▶ **Aim of the task**
Your copy of the data should leave out the images and match everything else exactly.

▶ **Given data**

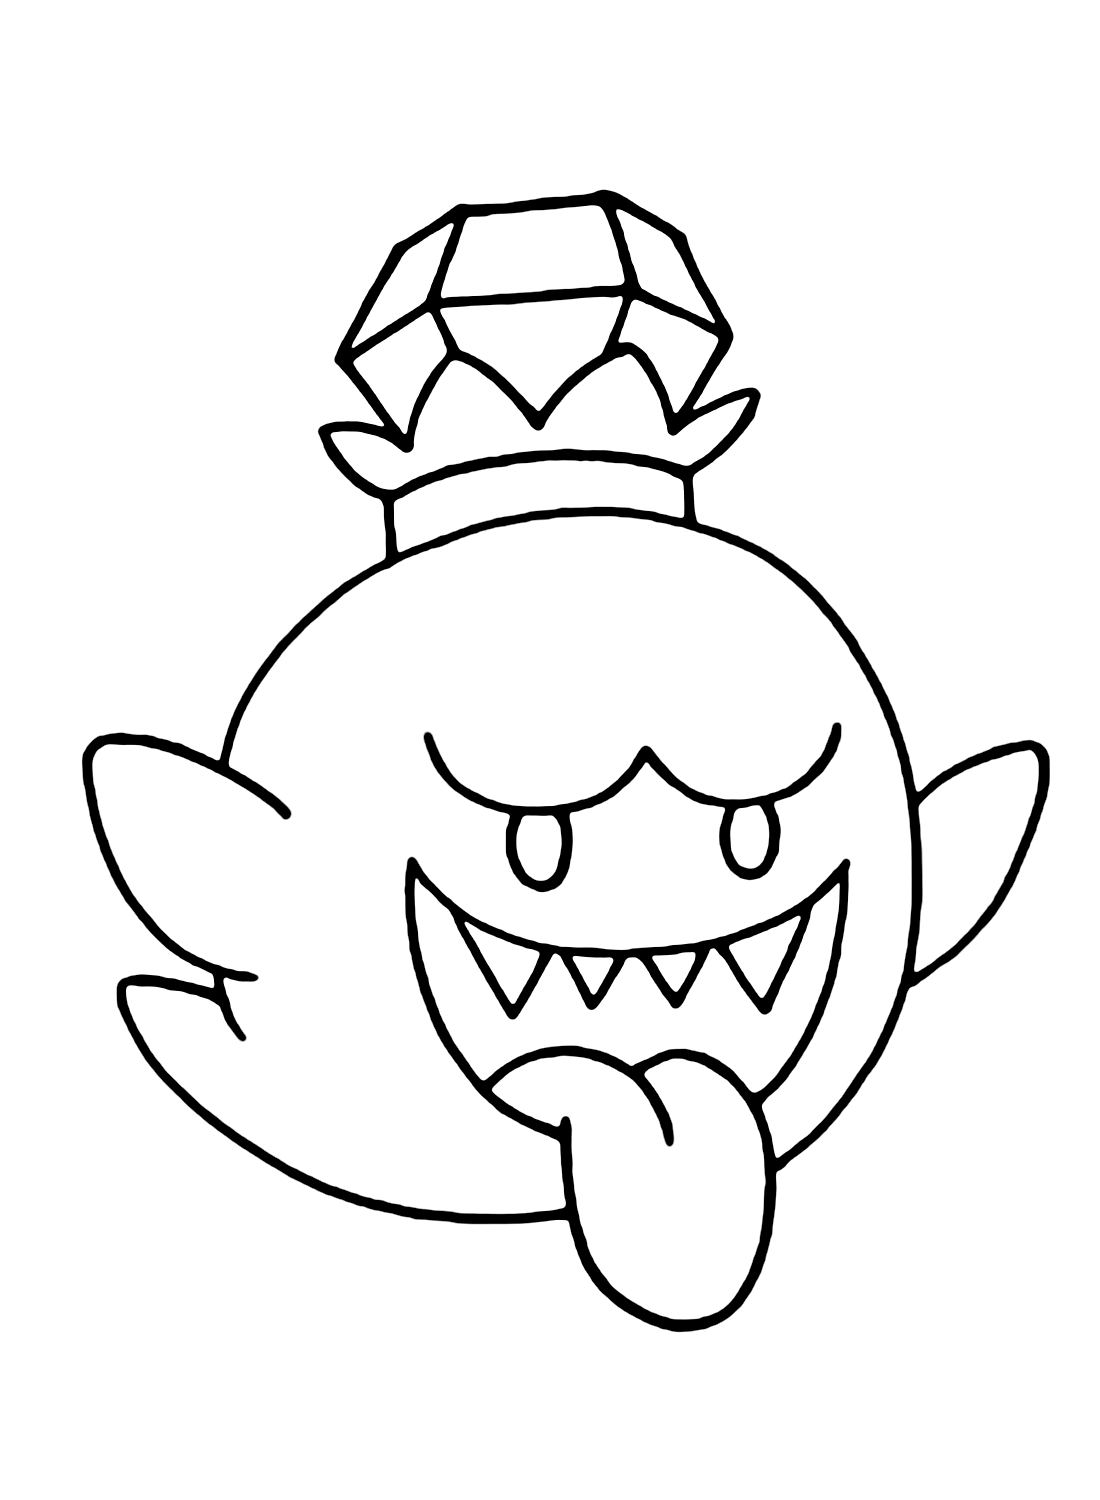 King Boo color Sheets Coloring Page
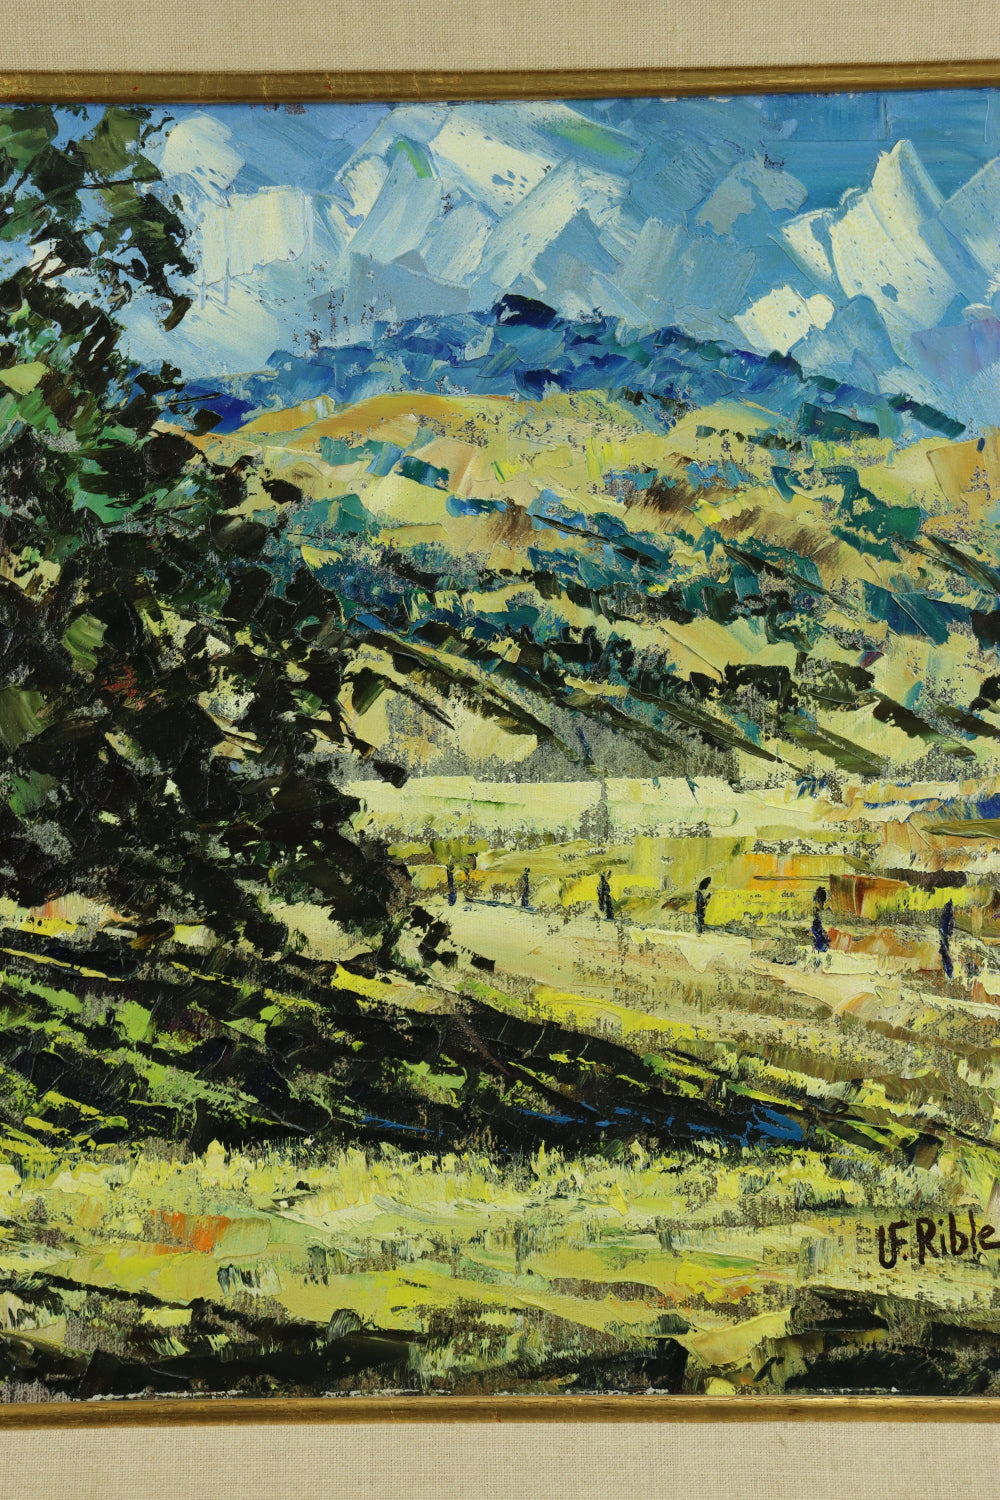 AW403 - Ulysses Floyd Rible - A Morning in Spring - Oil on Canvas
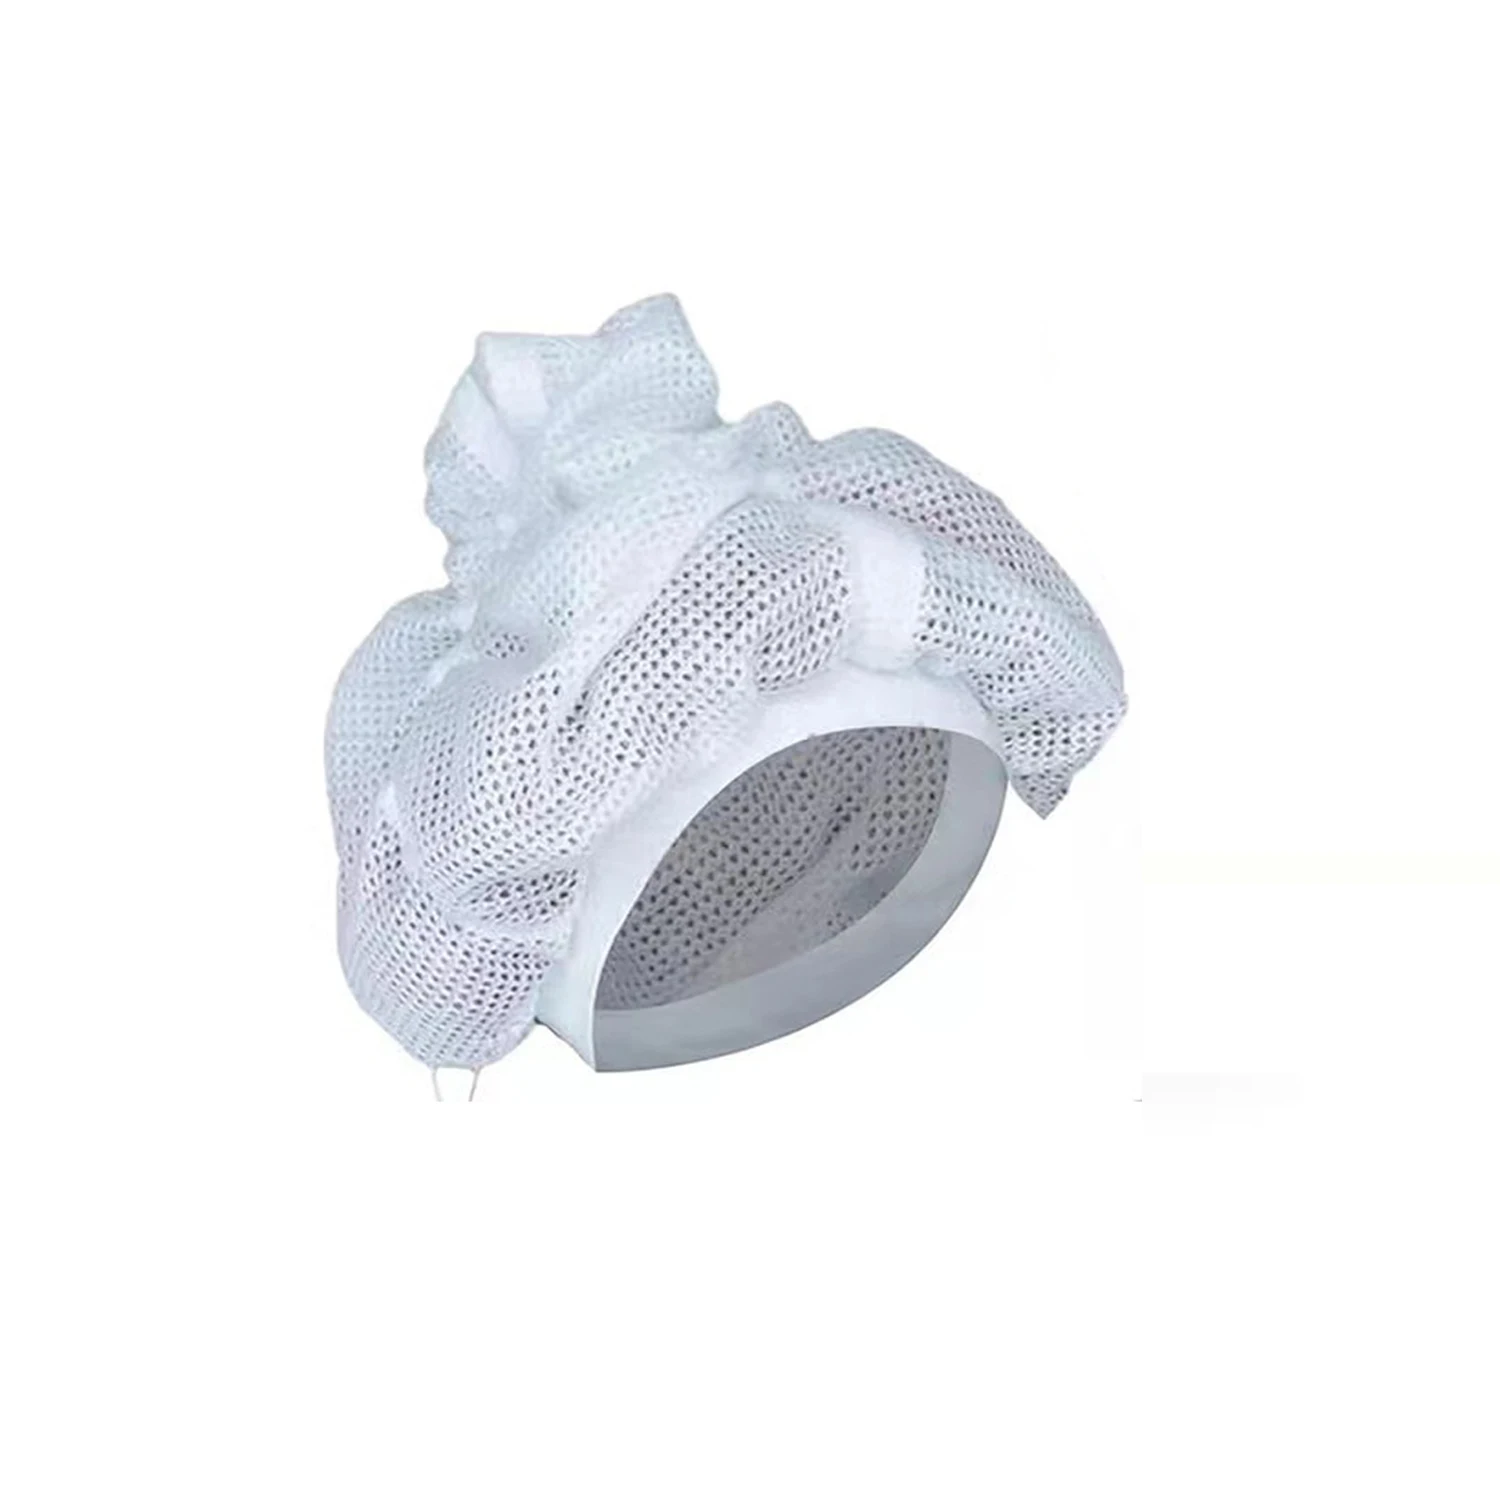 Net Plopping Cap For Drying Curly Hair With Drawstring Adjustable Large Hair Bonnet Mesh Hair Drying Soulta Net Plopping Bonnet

▶ **Worked solution**
 King Boo color Sheets Coloring Page
 AW403 - Ulysses Floyd Rible - A Morning in Spring - Oil on Canvas
 Net Plopping Cap For Drying Curly Hair With Drawstring Adjustable Large Hair Bonnet Mesh Hair Drying Soulta Net Plopping Bonnet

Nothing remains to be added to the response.